ACTION ITEM:
Leave every picture out, and print the full listing again exactly.

COLLECTED DATA:
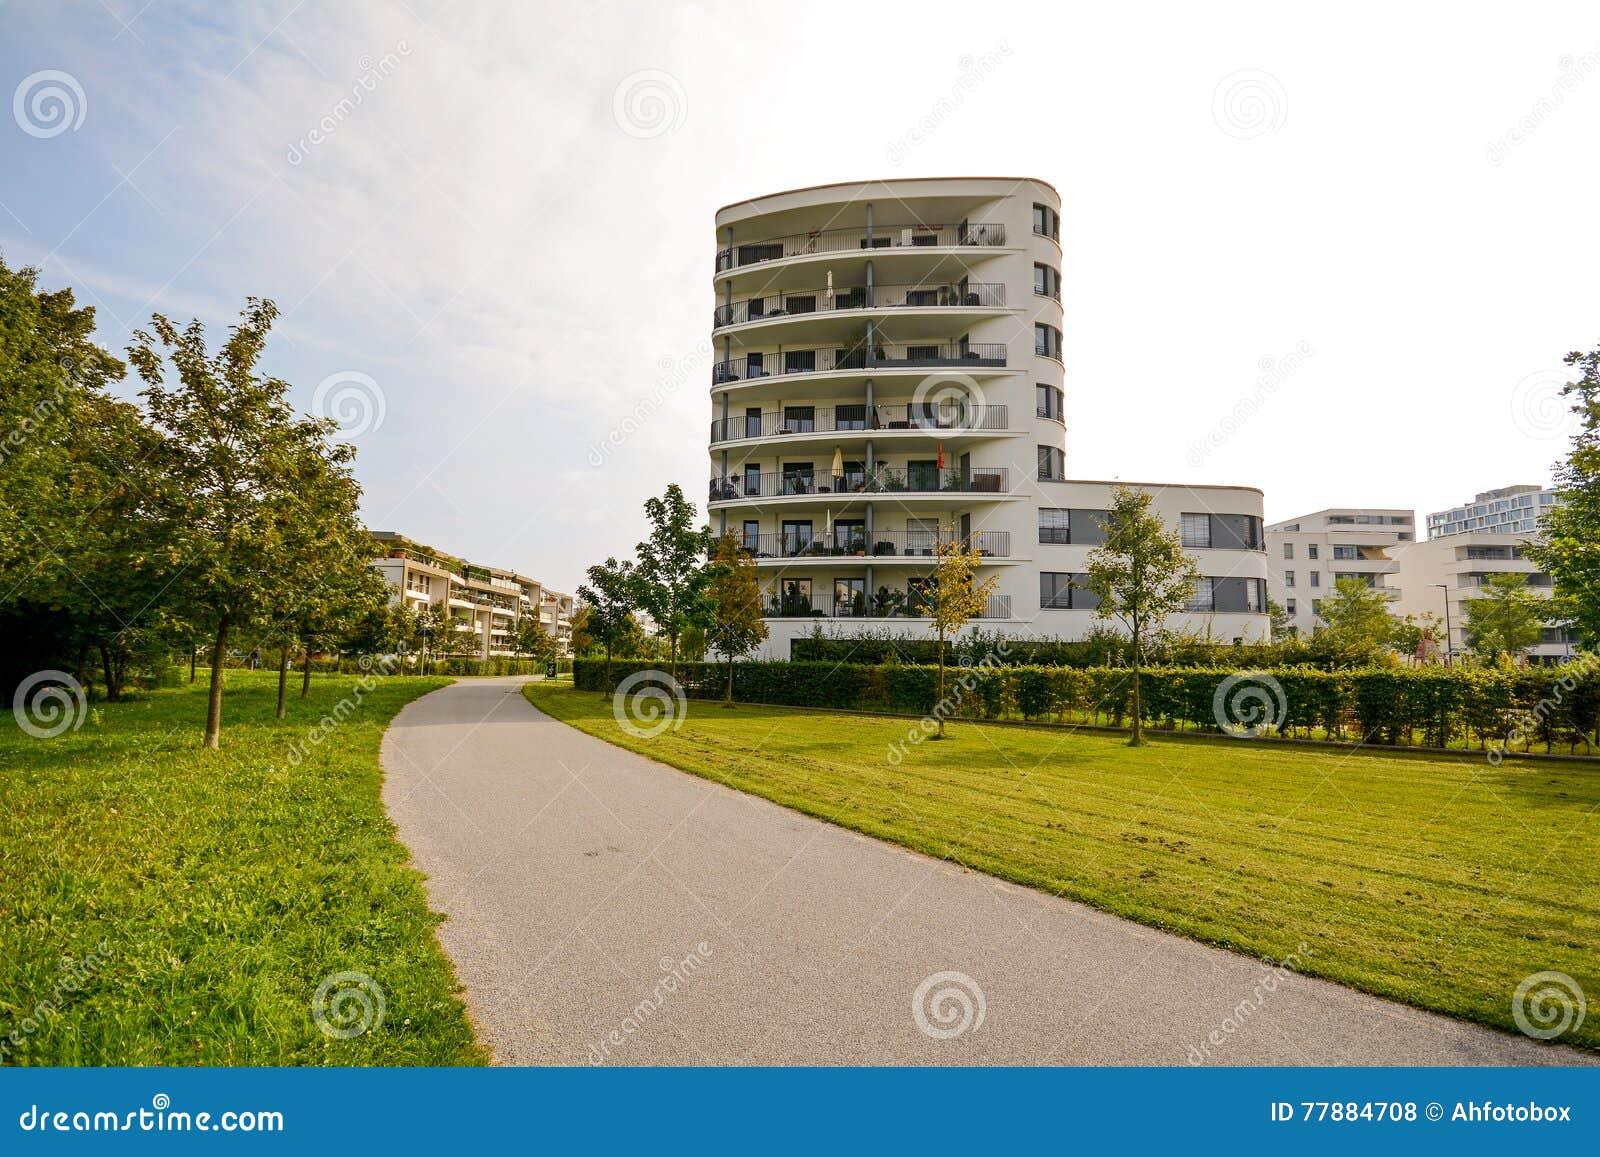 Torre Residencial Moderna, Construcción De Viviendas En Un Nuevo Desarrollo Urbano Foto de archivo
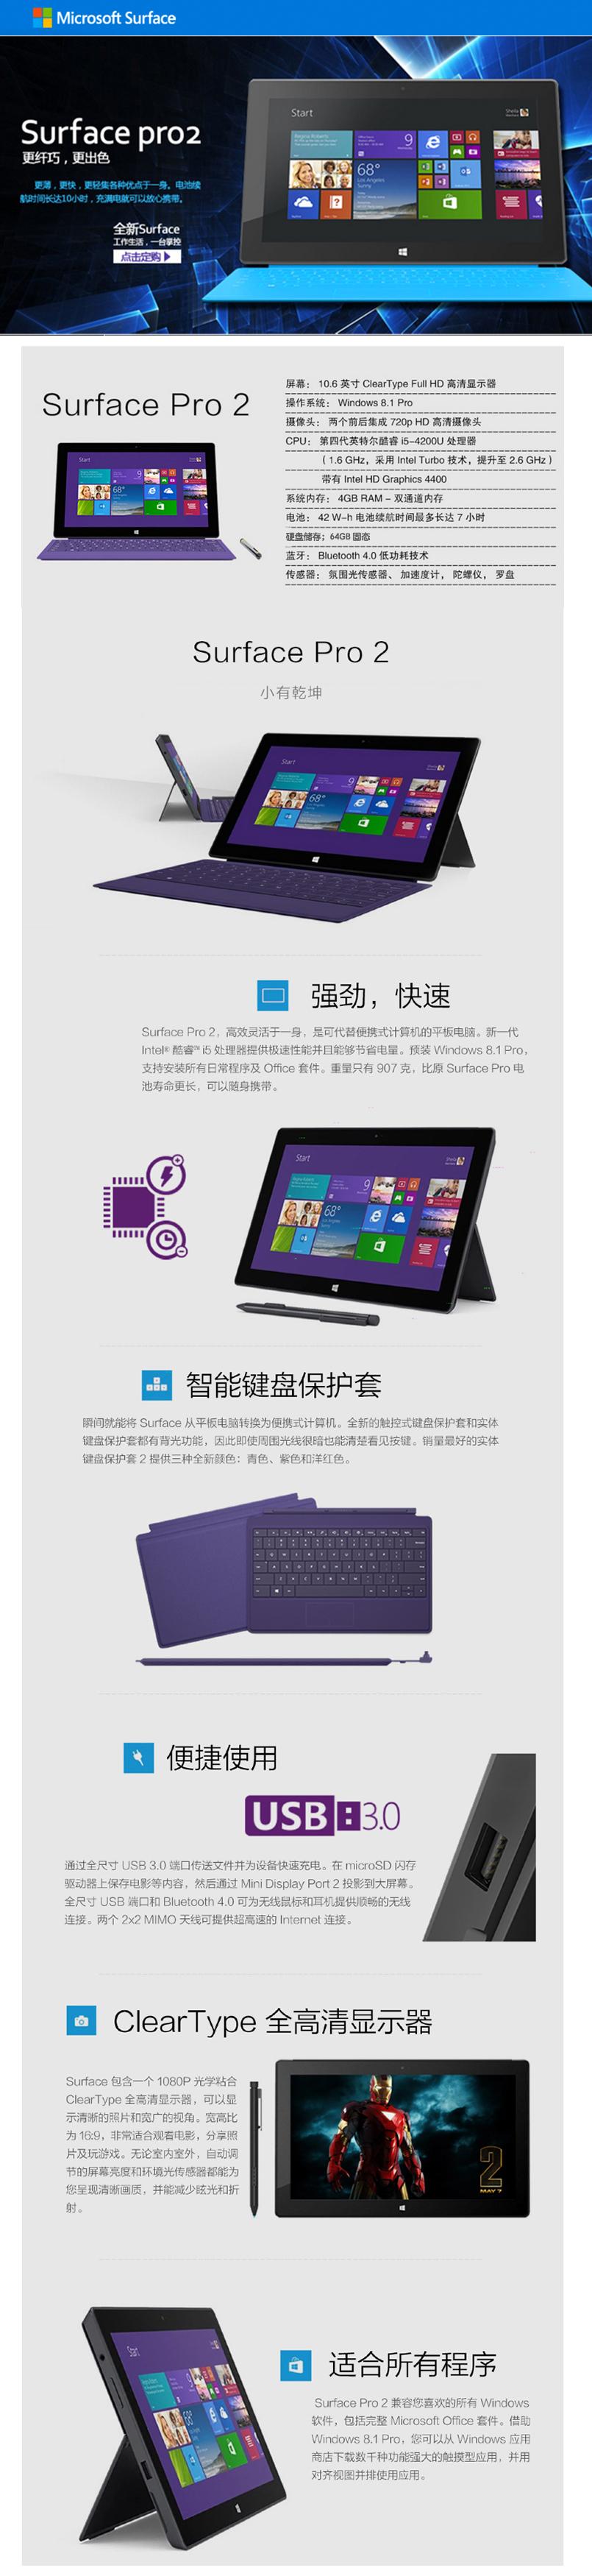 微软Surface Pro 2超级本笔记本电脑租赁 I5处理器/4G内存/64G固态
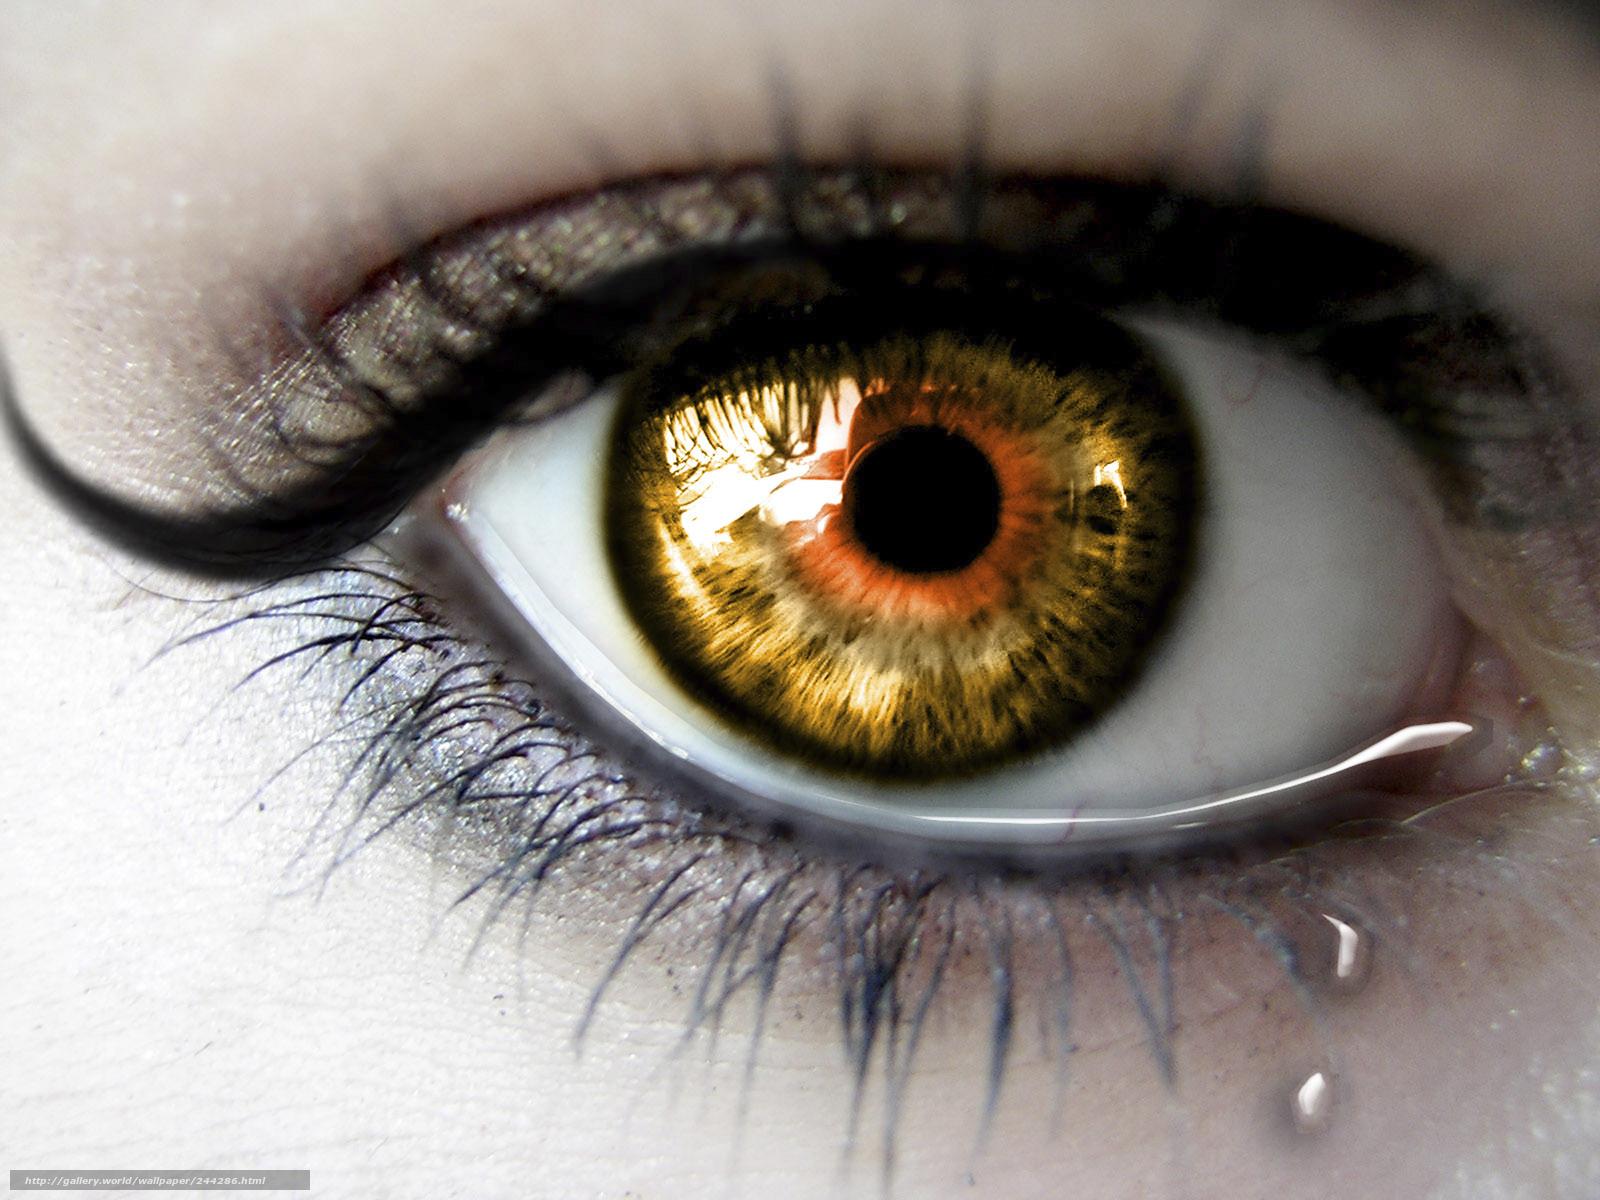 Hq картинка глаз слеза печаль 10000x7500
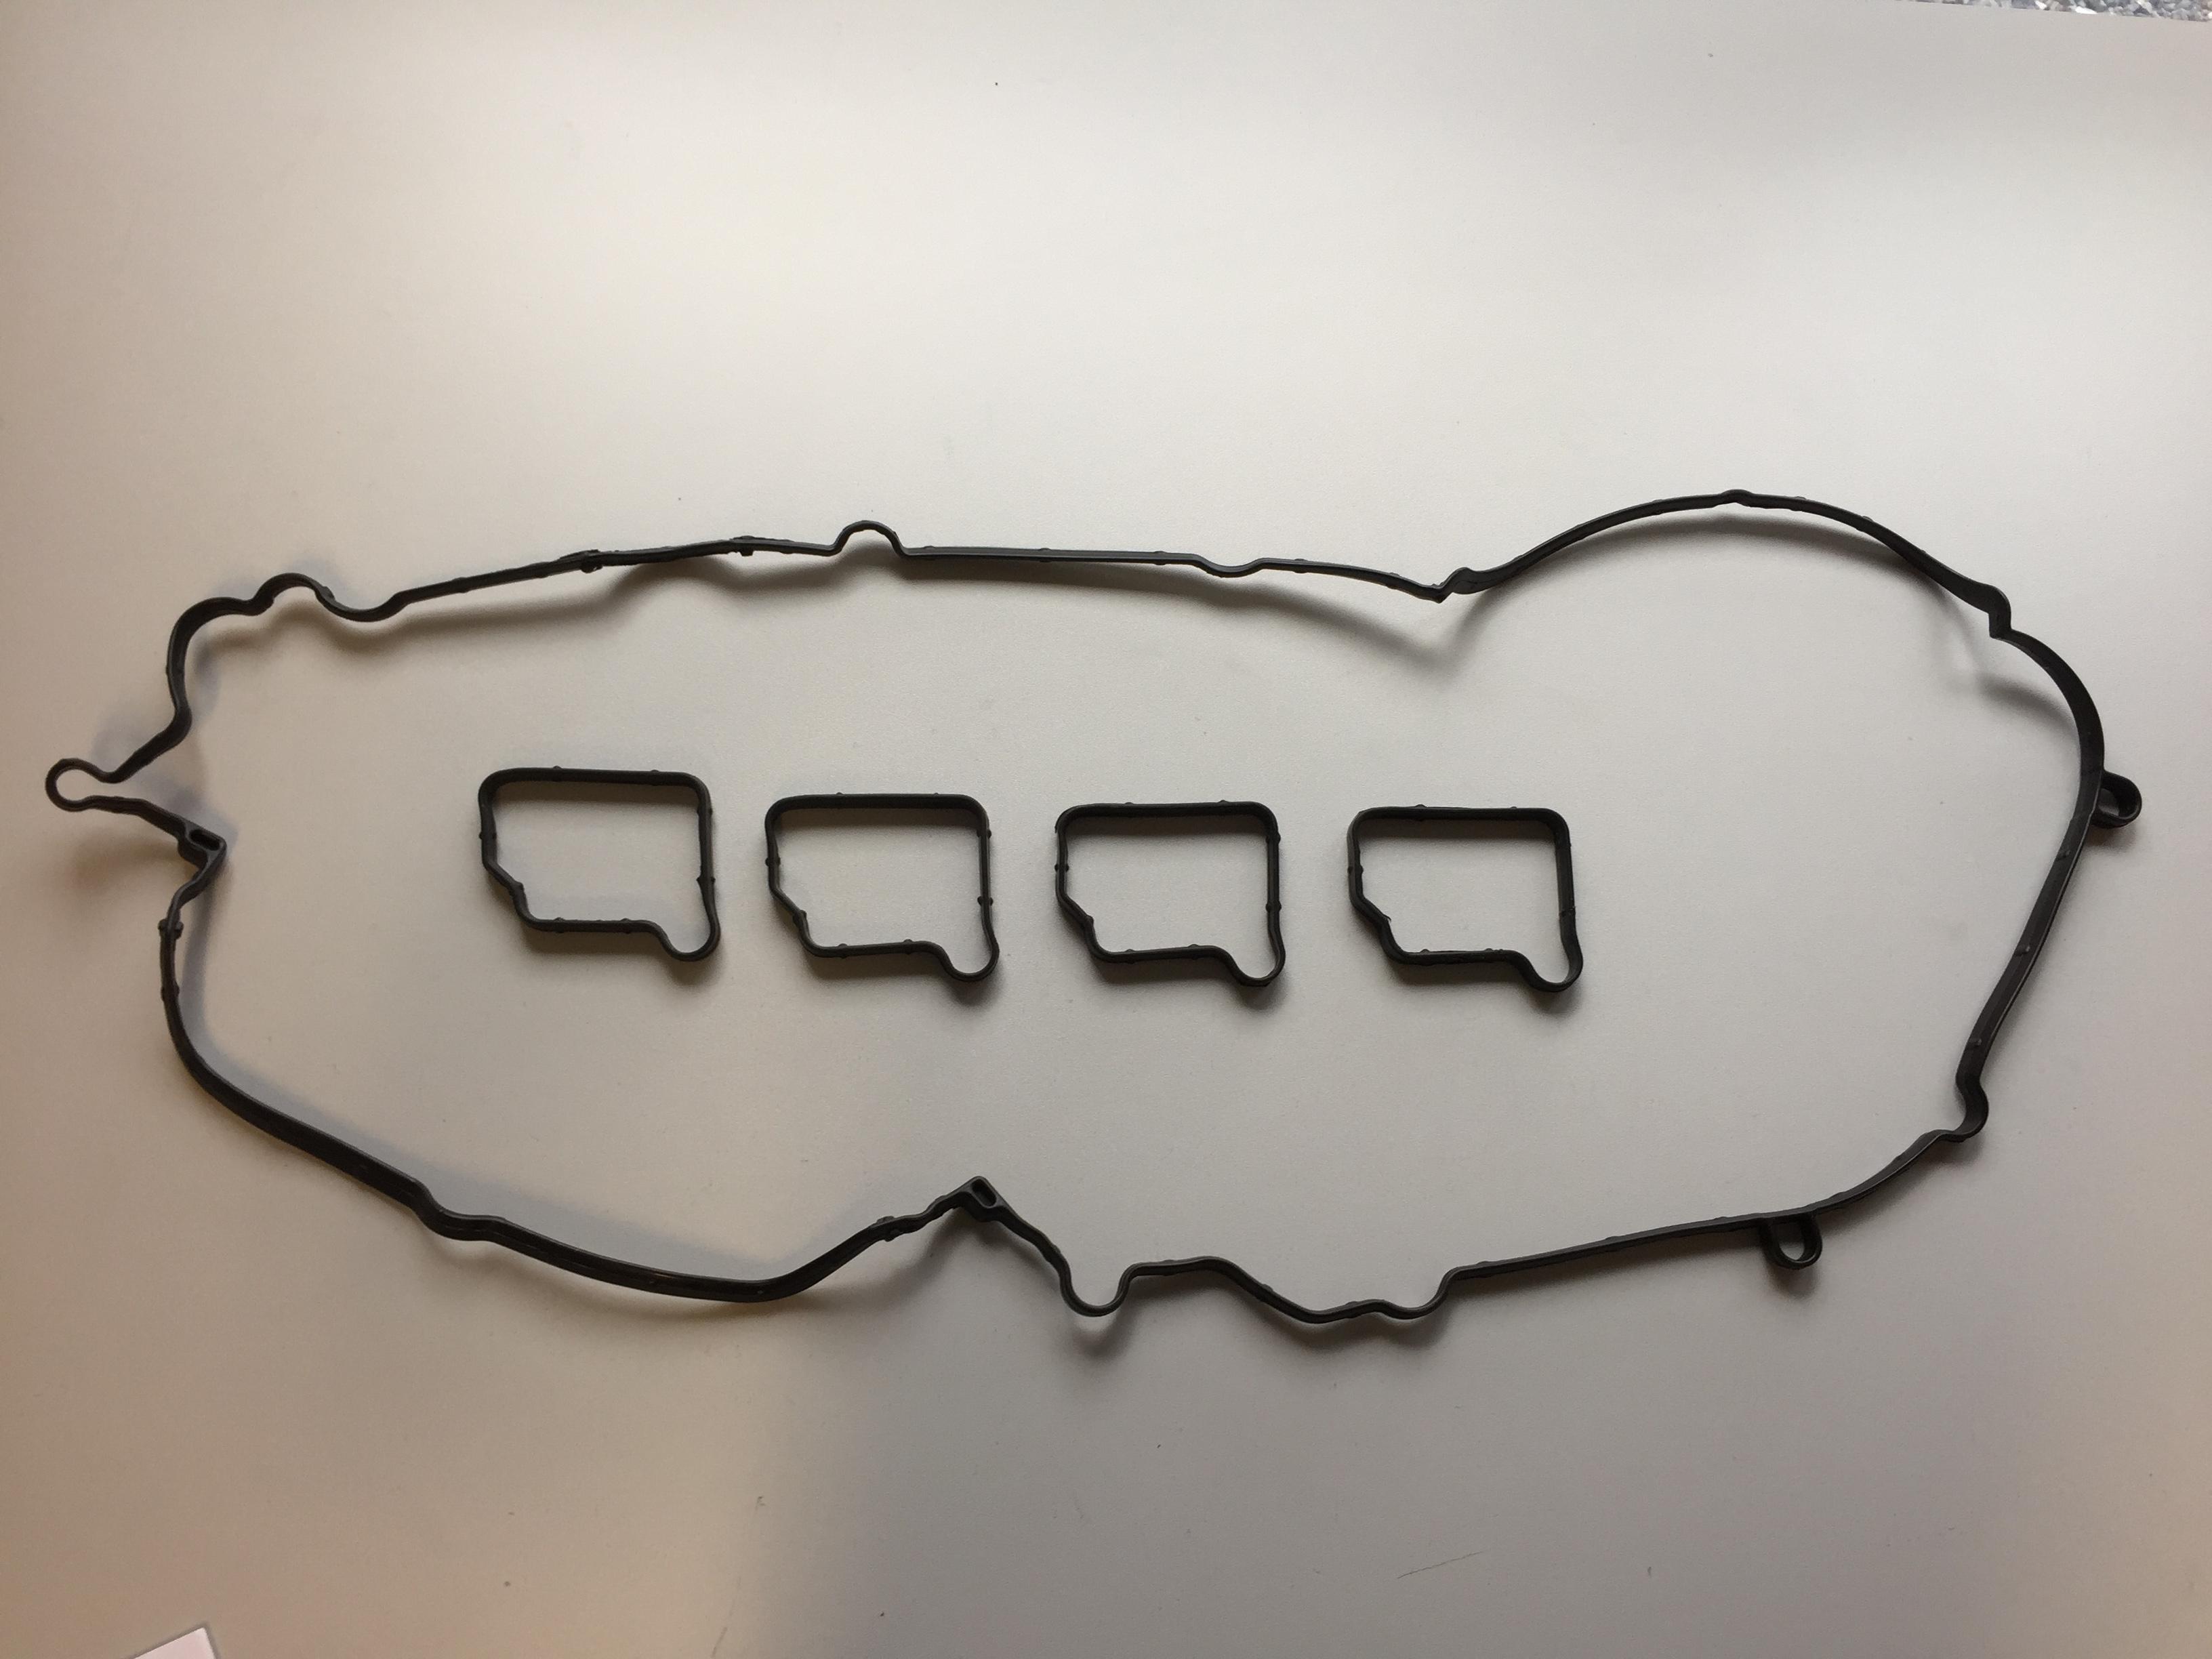 Ventildeckeldichtung Dichtungssatz Mercedes-Benz 1,8 271.861 NEU DE243652

TASK RESULT:
 Torre Residencial Moderna, Construcción De Viviendas En Un Nuevo Desarrollo Urbano Foto de archivo
 微软Surface Pro 2超级本笔记本电脑租赁 I5处理器/4G内存/64G固态
 Hq картинка глаз слеза печаль 10000x7500
 Ventildeckeldichtung Dichtungssatz Mercedes-Benz 1,8 271.861 NEU DE243652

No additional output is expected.